AMD had some succes in the ultra low power market and clearly wants more. The “Adelaide” platform is the successor the power optimized “Kroner” platform. Low power memory and chipset, voltage regulators and PSUs that only support low power Opterons: every component is tuned for low power. Remarkably, the ACP of the Opteron 4100 EE is lowered to a very low 35W ACP, or less than 6W per CPU. AMD feels these CPUs offer an excellent alternative to the VIA Nano and Intel Atom based servers. Instead of running one small website on an Intel Atom based server, AMD hopes that ISPs will prefer to run 6 websites on a container based solution. So each website would get it’s own 6 Watt core which is much more powerful than the best Intel Atom CPUs.

Upgrade to Bulldozer

AMD’s C32 and G34 platforms will be upgradeable to the new Valencia and Interlagos CPUs which are both based on the Bulldozer core.

We will discuss this core in more detail but here are some extra tidbits we managed to find out:

• Two integer clusters share fetch and decode logic but have their own dedicated Instruction and Data cache
• Integer clusters can not be shared between threads: integer cores act like a Chip Multi Processing (CMP) CPU.
• The extra integer core (schedulers, D-cache and pipelines) adds only 5% die space
• L1-caches are similar to Barcelona/Shanghai (64 KB 2-way? Not confirmed)
• Up to 4 modules share a L3-cache and Northbridge
• Two times 4 Bulldozer modules (2 x 8 "cores" or 16 cores) are about 60 to 80% faster than the twelve core Opteron 6100 CPU in SPECInt_rate.

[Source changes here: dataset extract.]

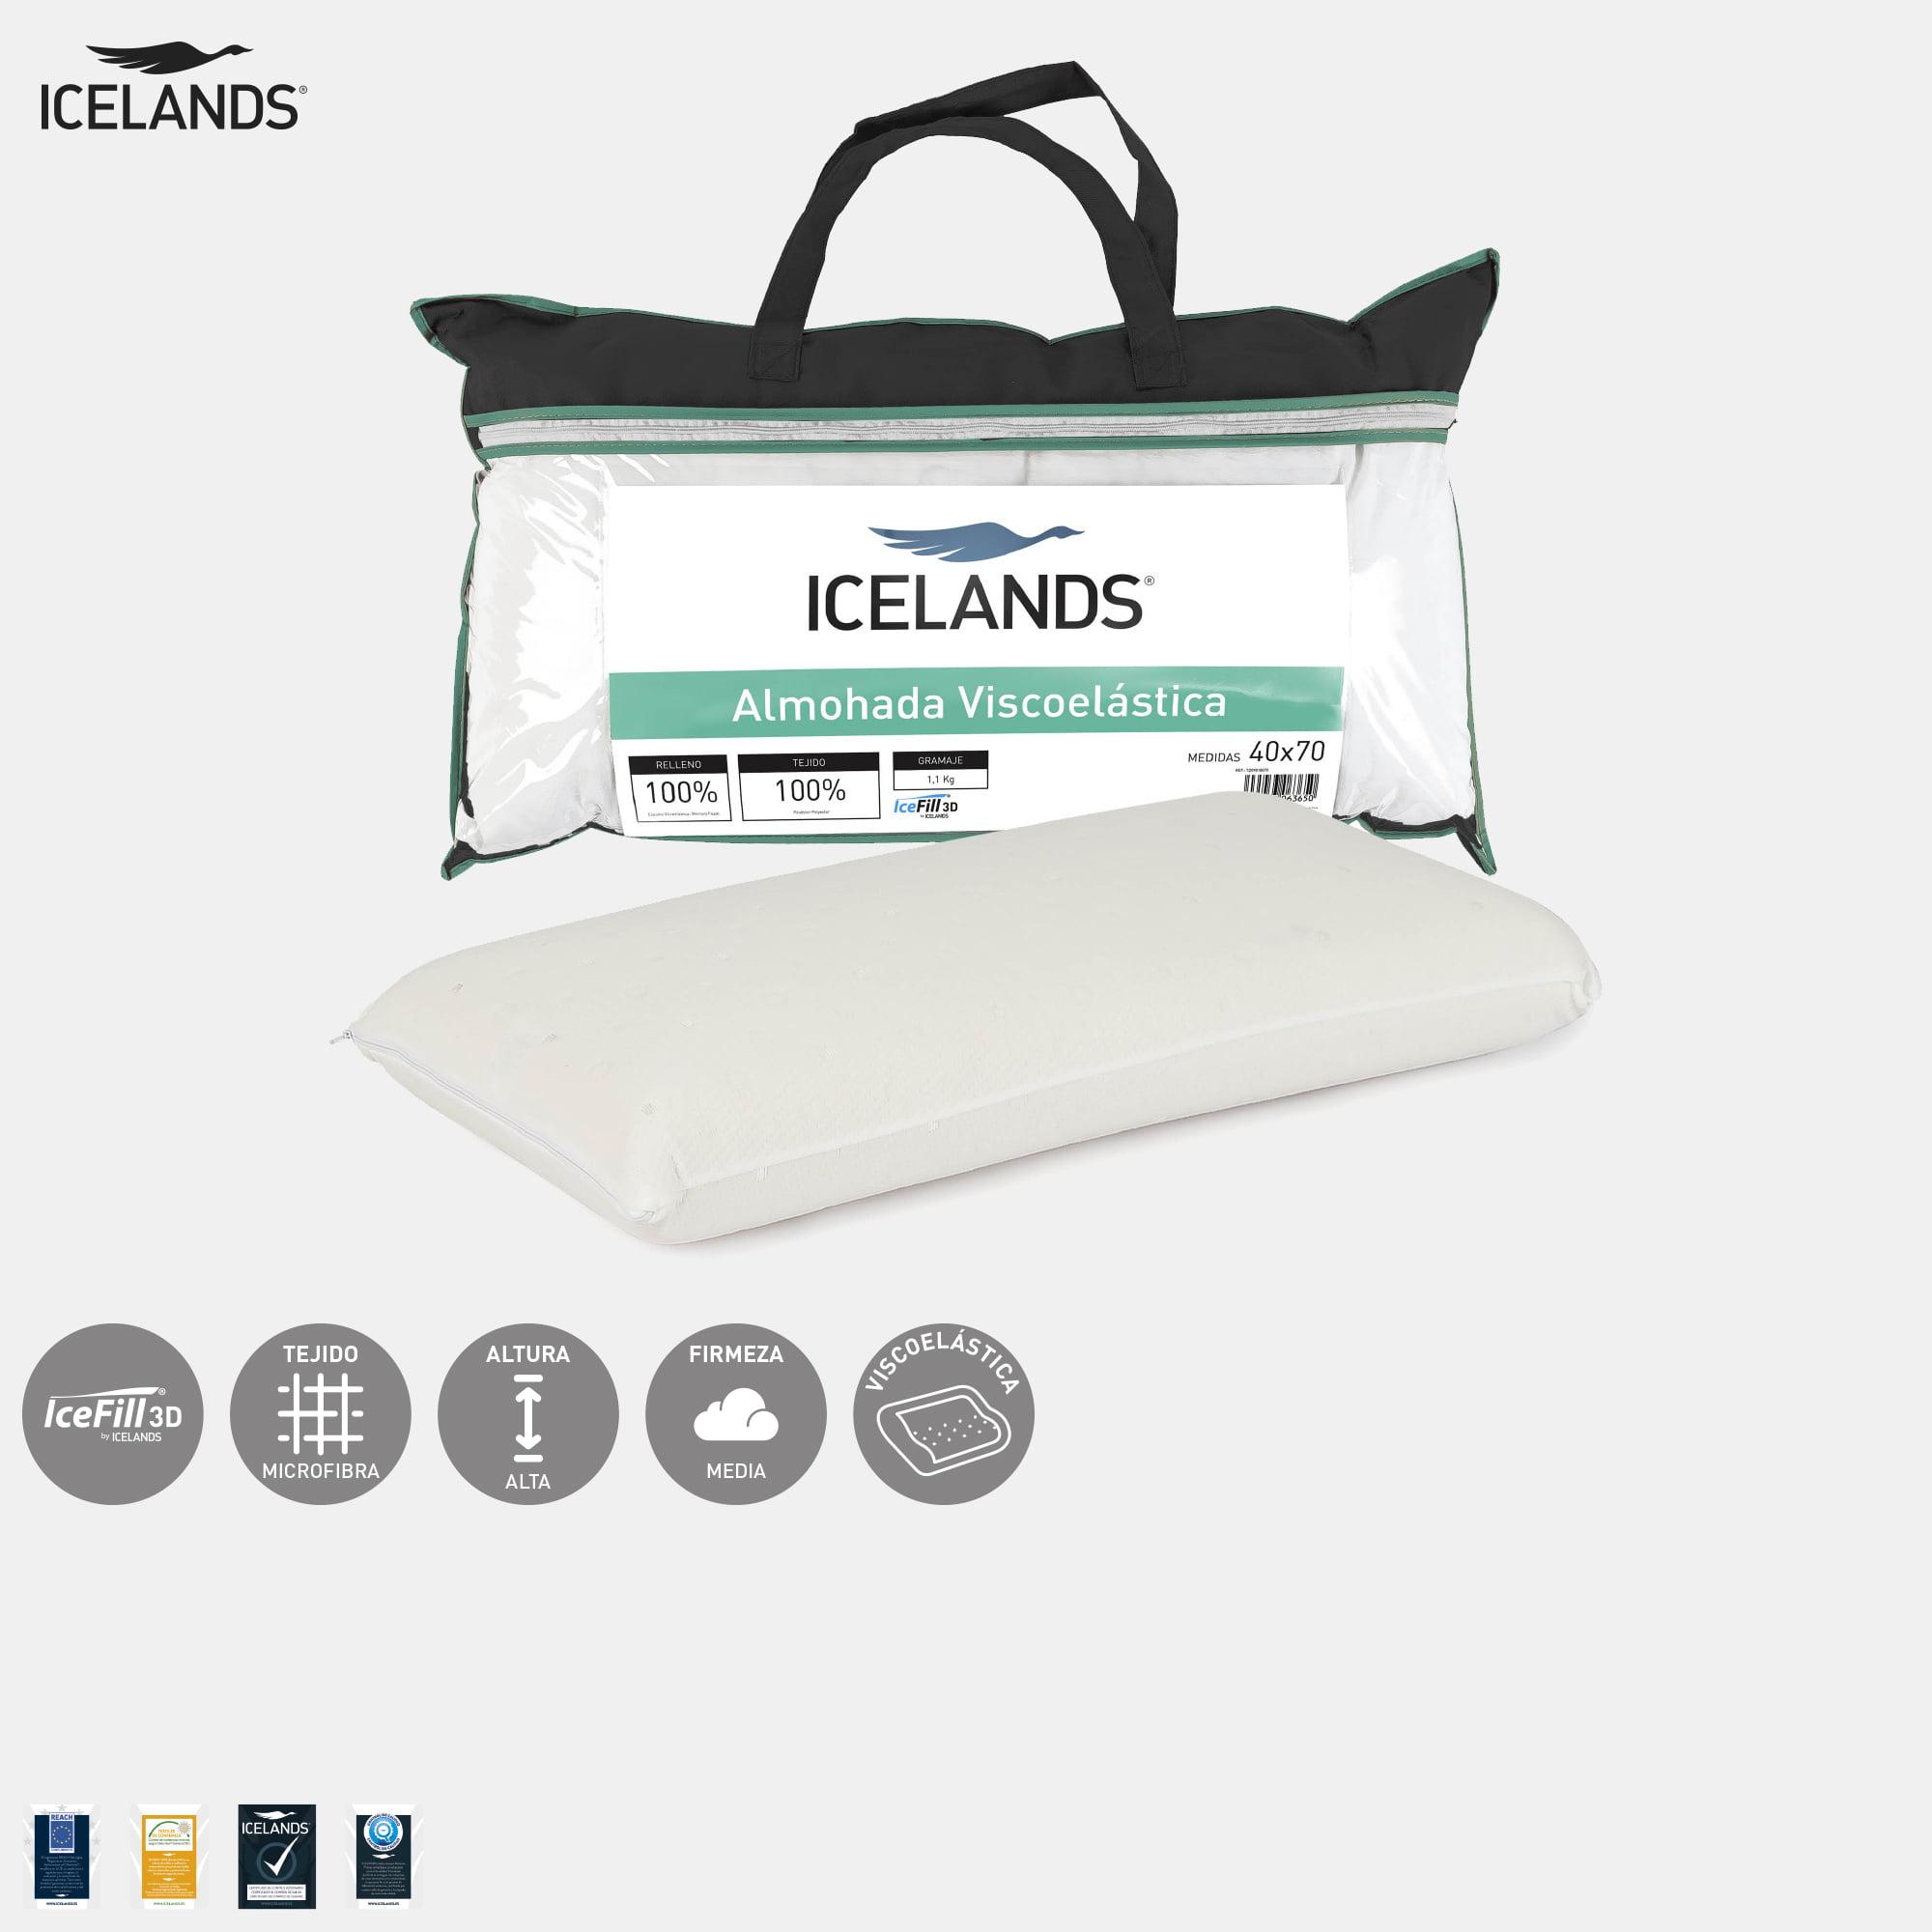 Almohada Viscoelástica Icelands

With Bulldozer, AMD finally seems to have designed an aggressive integer core. Since the introduction of the Intel Woodcrest in 2006, Intel’s CPUs have been offering superior integer crunching performance per core. Since integer performance determines the performance of 90-95% of the server application out there, this is a big deal.


Intel has a very strong product lineup for each segment of the market: the massive octalcore Nehalem EX for the “mission-critical” high-end, the six-core Westmere-EP for the midrange and the “Lynfield” based Xeons for the low power market. But AMD doesn't roll over willingly: it breaks all market segment rules and shatters some (artificial?) boundaries. That will result in some very interesting opportunities for the server buyers in 2010.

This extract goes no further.